TASK OBJECTIVE
Once the pictures are set aside, transcribe the remaining data exactly.

STORED DATA
###

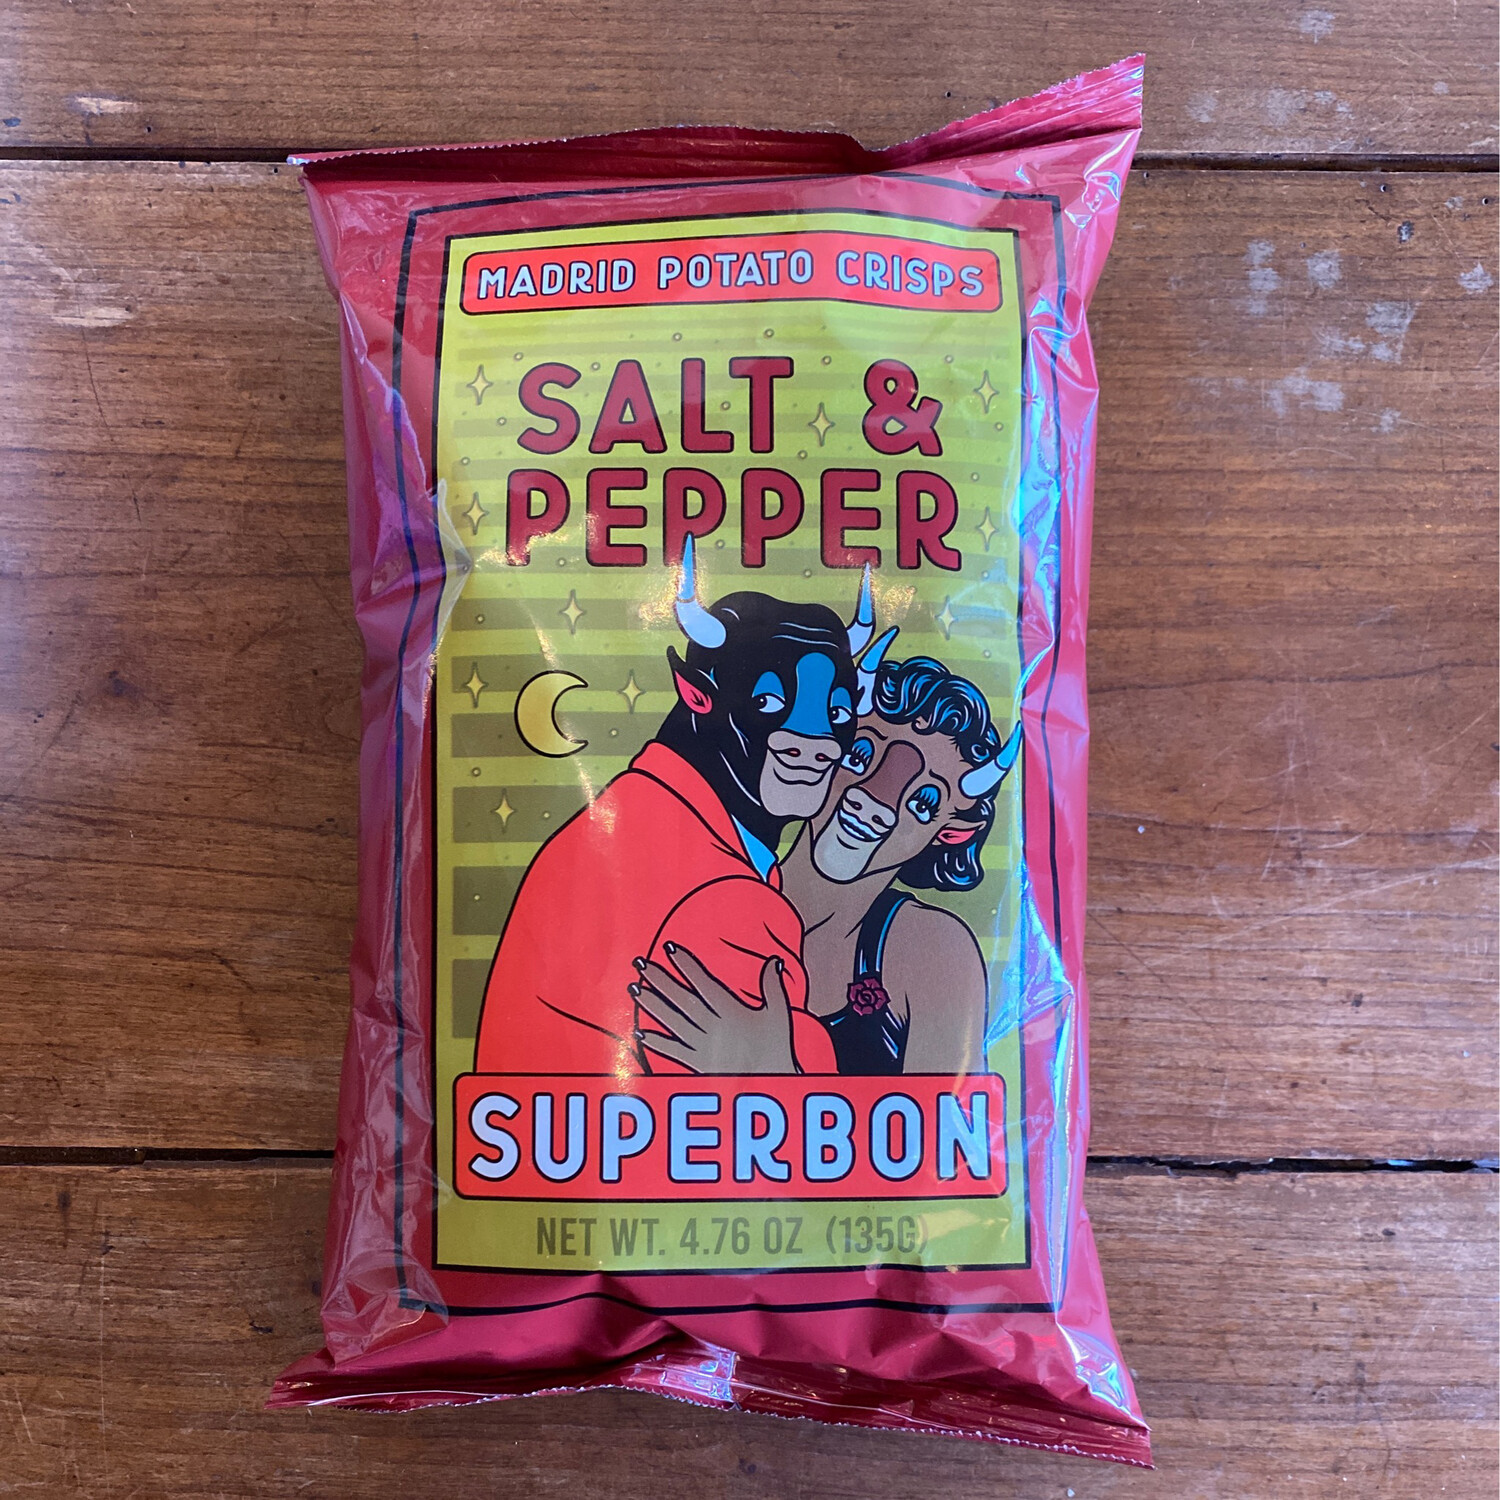 Superbon Salt & Pepper Potato Chips
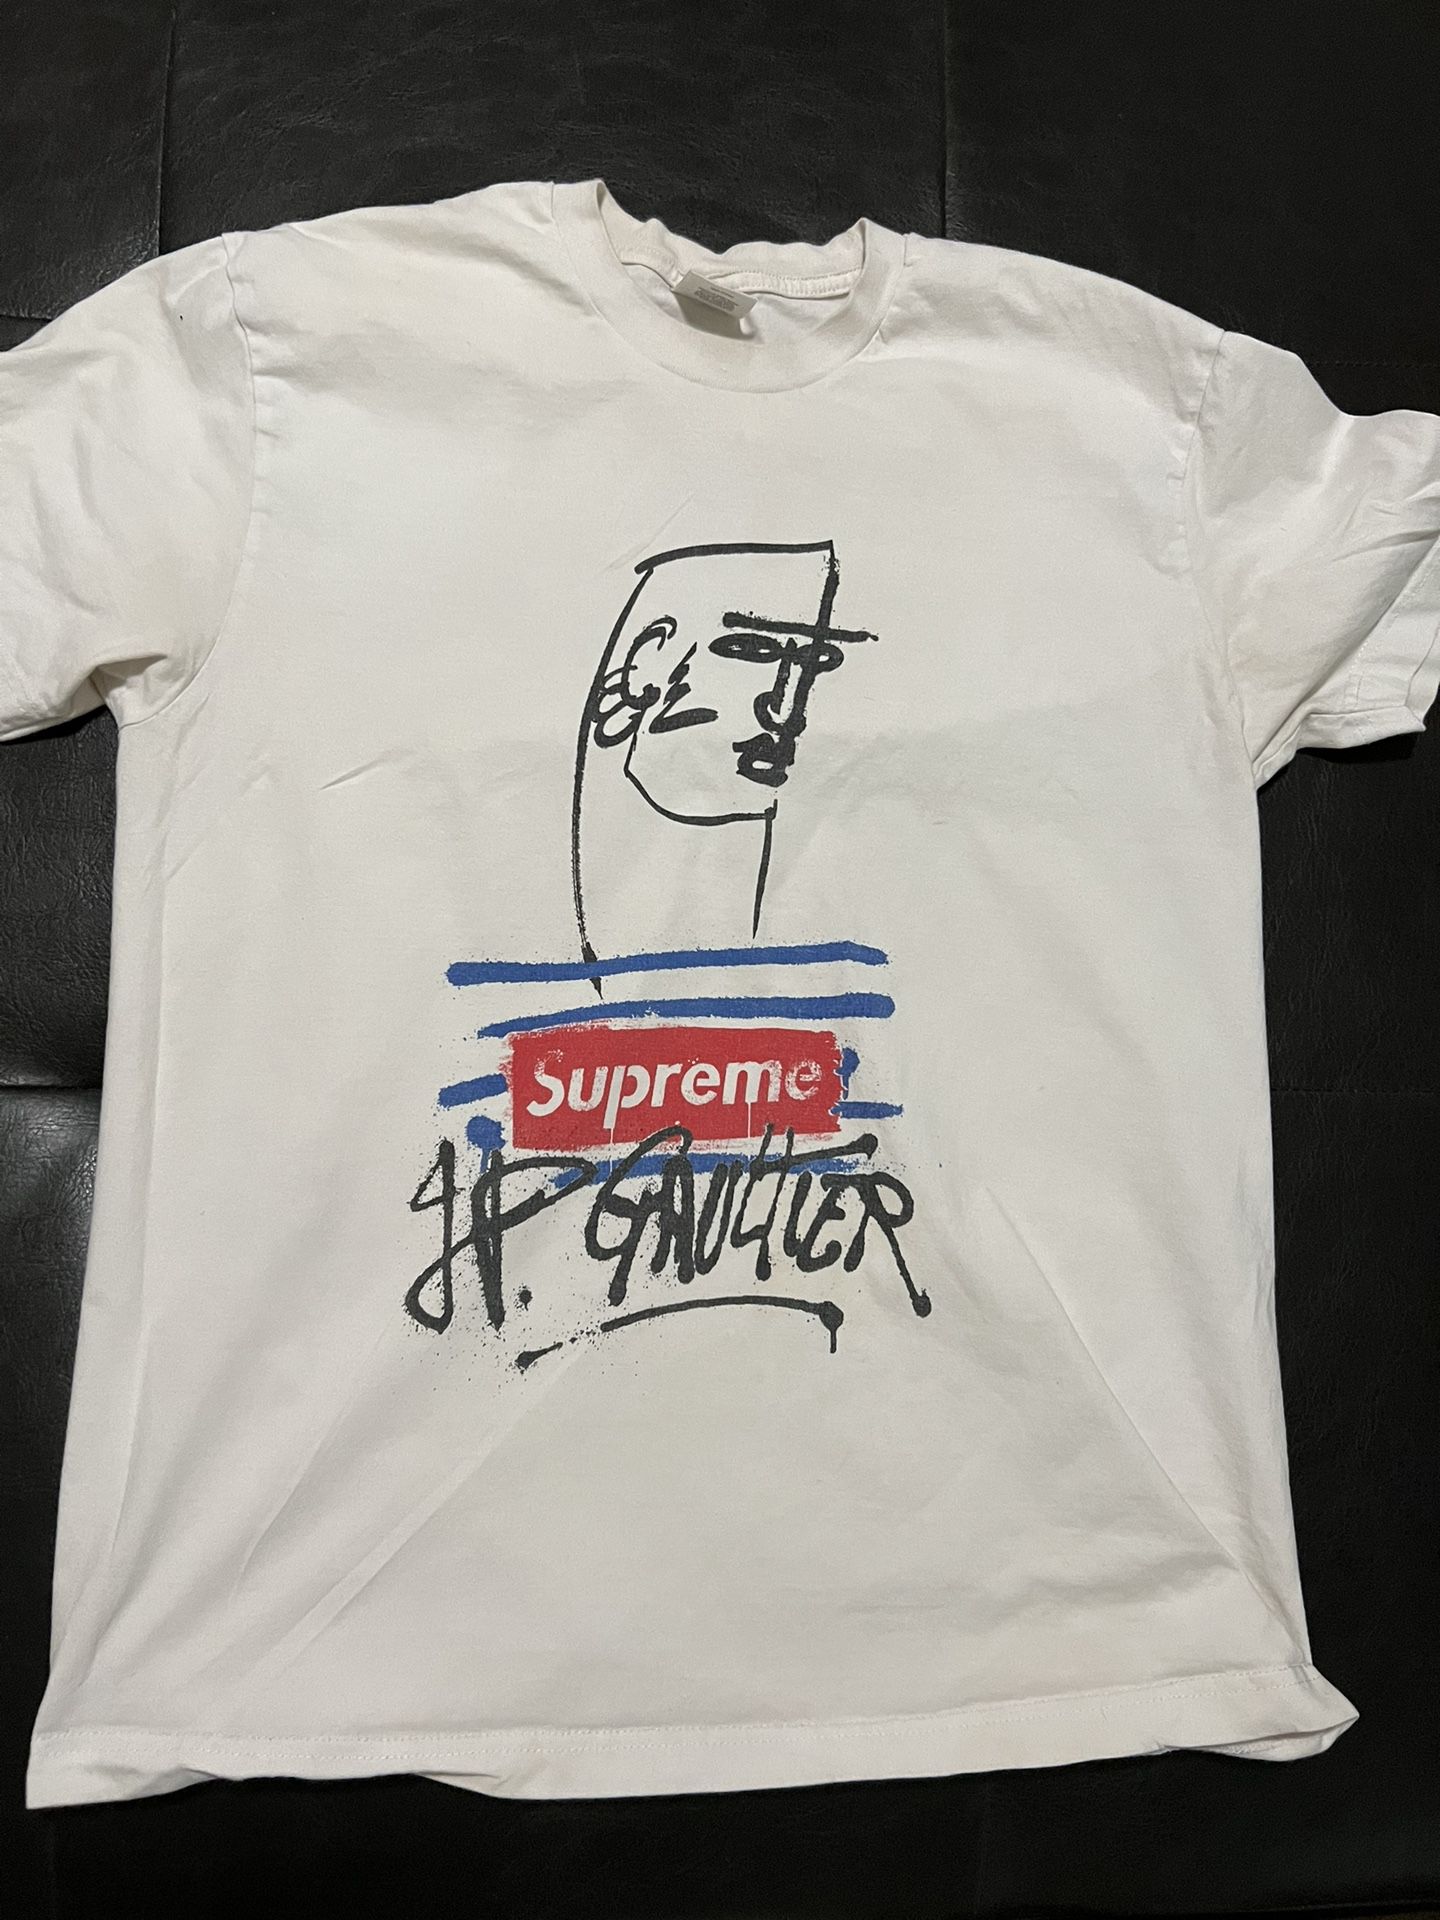 Supreme Jean Paul Gaultier Shirt
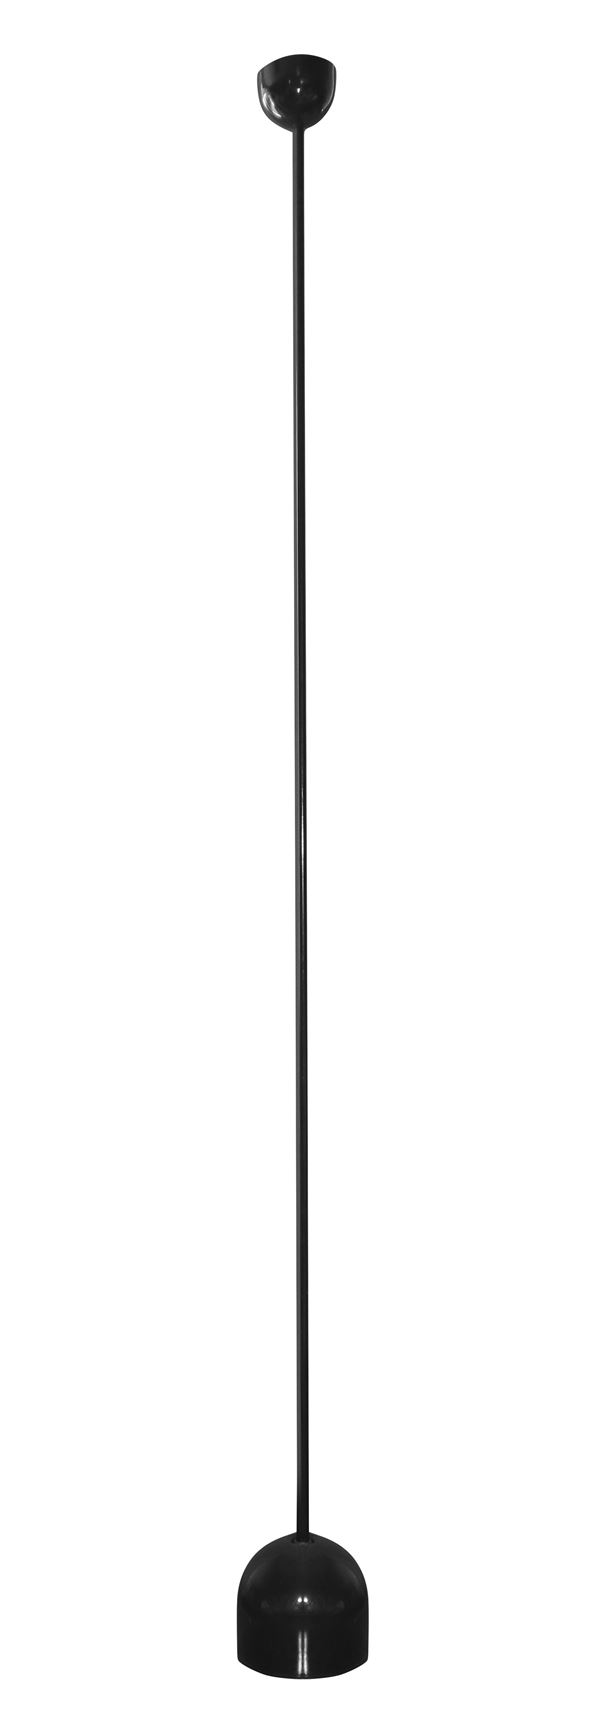 Prod. Flos - Black lacquered floor lamp, Hypotenuse model
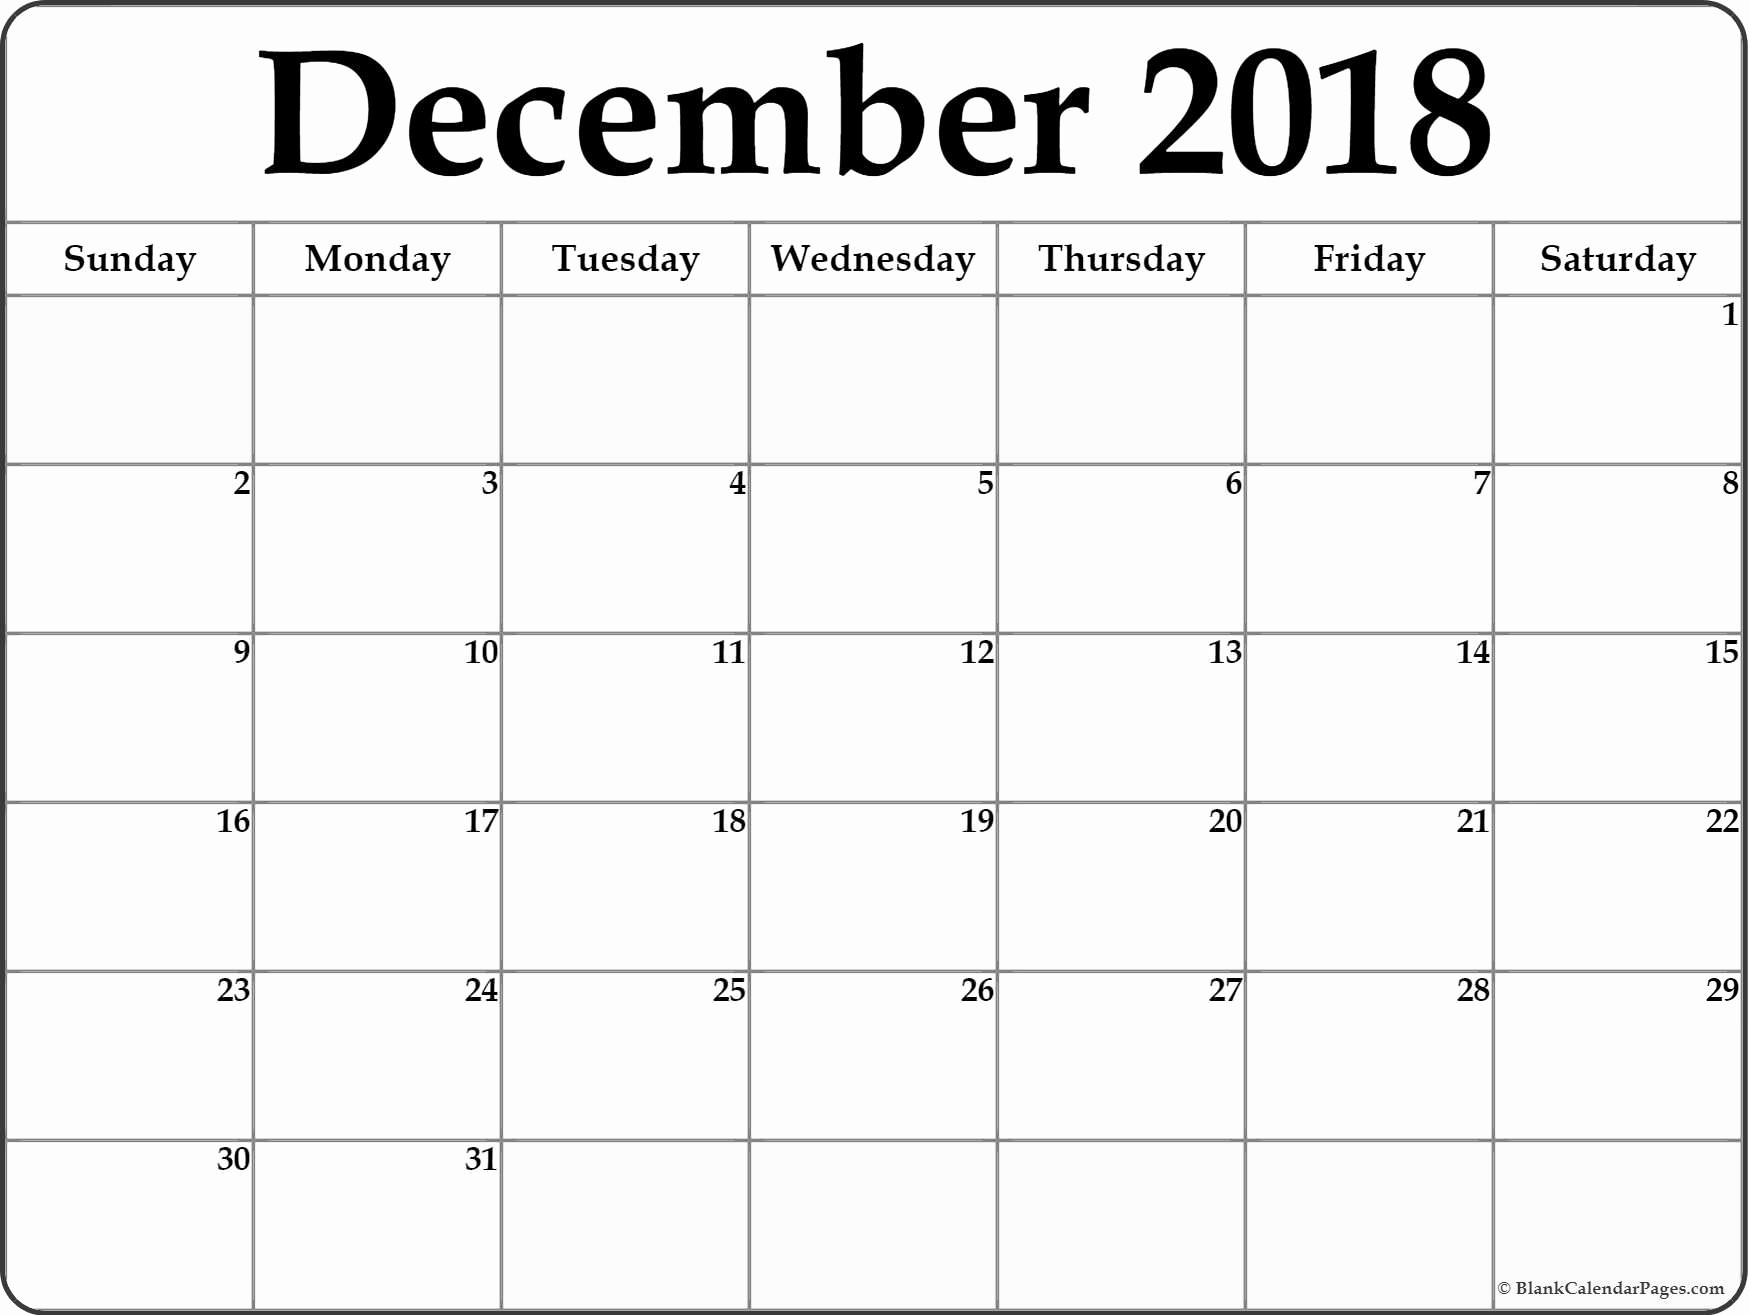 Blank Calendar Template December 2018 Elegant December 2018 Blank Calendar Collection

###

THE ANSWER
 Superbon Salt & Pepper Potato Chips
 Supreme Jean Paul Gaultier Shirt
 Prod. Flos - Black lacquered floor lamp, Hypotenuse model
 Blank Calendar Template December 2018 Elegant December 2018 Blank Calendar Collection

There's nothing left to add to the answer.